Paper No. 280-12
Presentation Time: 11:00 AM
AN EPISODE OF WIDESPREAD OCEAN ANOXIA DURING THE LATEST EDIACARAN PERIOD REVEALED BY LIGHT U ISOTOPE COMPOSITIONS IN CARBONATES
Reconstruction of ocean redox chemistry during the Ediacaran Period is important for understanding the causal relationship between environmental oxygen levels and early metazoan evolution.
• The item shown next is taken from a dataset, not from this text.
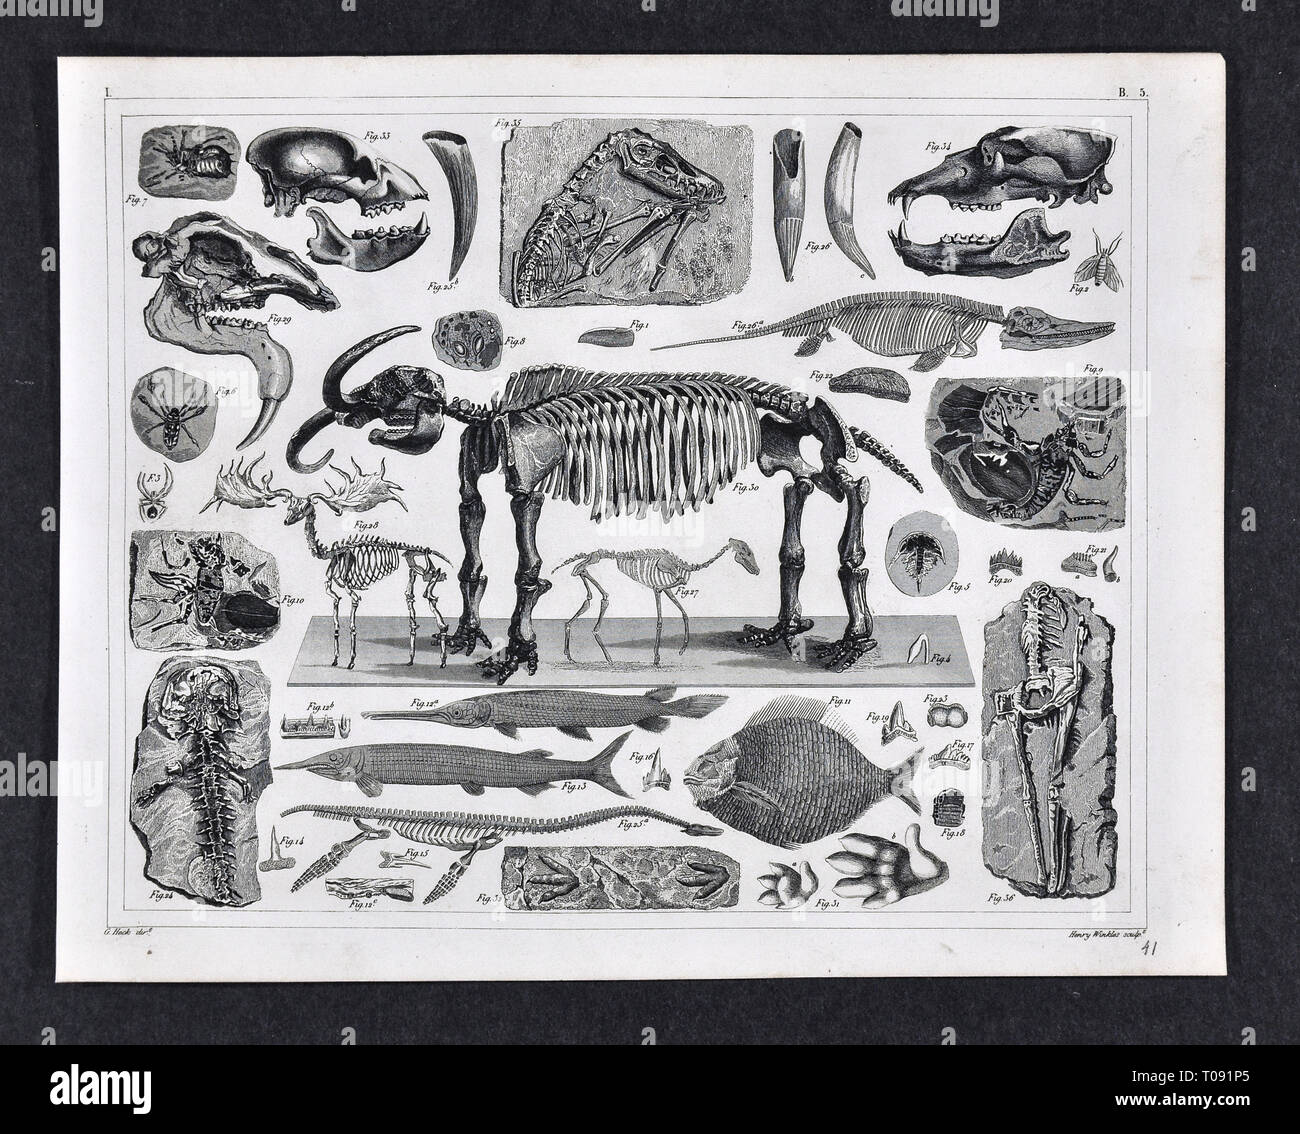 1849 Bilder Atlas Drucken - Prähistorische Fossilien aus der Erdneuzeit Pleistocene Periode einschließlich Mastodon, Saber Tooth Tiger, Spinnentiere, Fisch und andere ausgestorbene Arten Stockfoto

Geochemical data (e.g., high Mo and U concentrations and/or heavy Mo and U isotope compositions from sedimentary rocks) provide evidence of extensive ocean oxygenation shortly after the Marinoan glaciation at ca. 632 Ma [1], during the late Ediacaran Period at ca. 560-551 Ma [2], and multiple times during the early Cambrian Period [3, 4]. These episodes of oxygenation may have been separated by intervals of less oxygenated conditions [1, 2]. However, the global redox state of the ocean during the terminal Ediacaran period (ca. 551-541 Ma) is poorly constrained. We address this knowledge gap by measuring carbonate U isotope compositions (δ238U) – a novel global ocean redox proxy – of the Gaojiashan Member of the late Ediacaran Dengying Formation (ca. 551-541 Ma) in South China. An abrupt negative shift in δ238U from values scattering around -0.45‰ to values averaging -0.95‰ (±0.20‰, 2s) was observed in the middle Gaojiashan Member, suggesting a globally widespread expansion of ocean anoxia during the terminal Ediacaran Period. The negative δ238U shift coincides with the onset of a pronounced positive carbon isotope excursion (from 0‰ to +6‰), suggesting that ocean anoxia is the major driving force behind enhanced organic carbon burial that led to the carbon isotope excursion. The widespread anoxia recorded by the Gaojiashan Member is bracketed by known intervals of extensive ocean oxygenation, thus indicating that the Precambrian-Phanerozoic transition was characterized by oscillating ocean redox conditions. The Ediacara biota (ca. 541 Ma) [5] disappeared shortly after the widespread ocean anoxia, suggesting that an expansion of ocean anoxia may have triggerred the onset of a mass extinction in the latest Ediacaran time.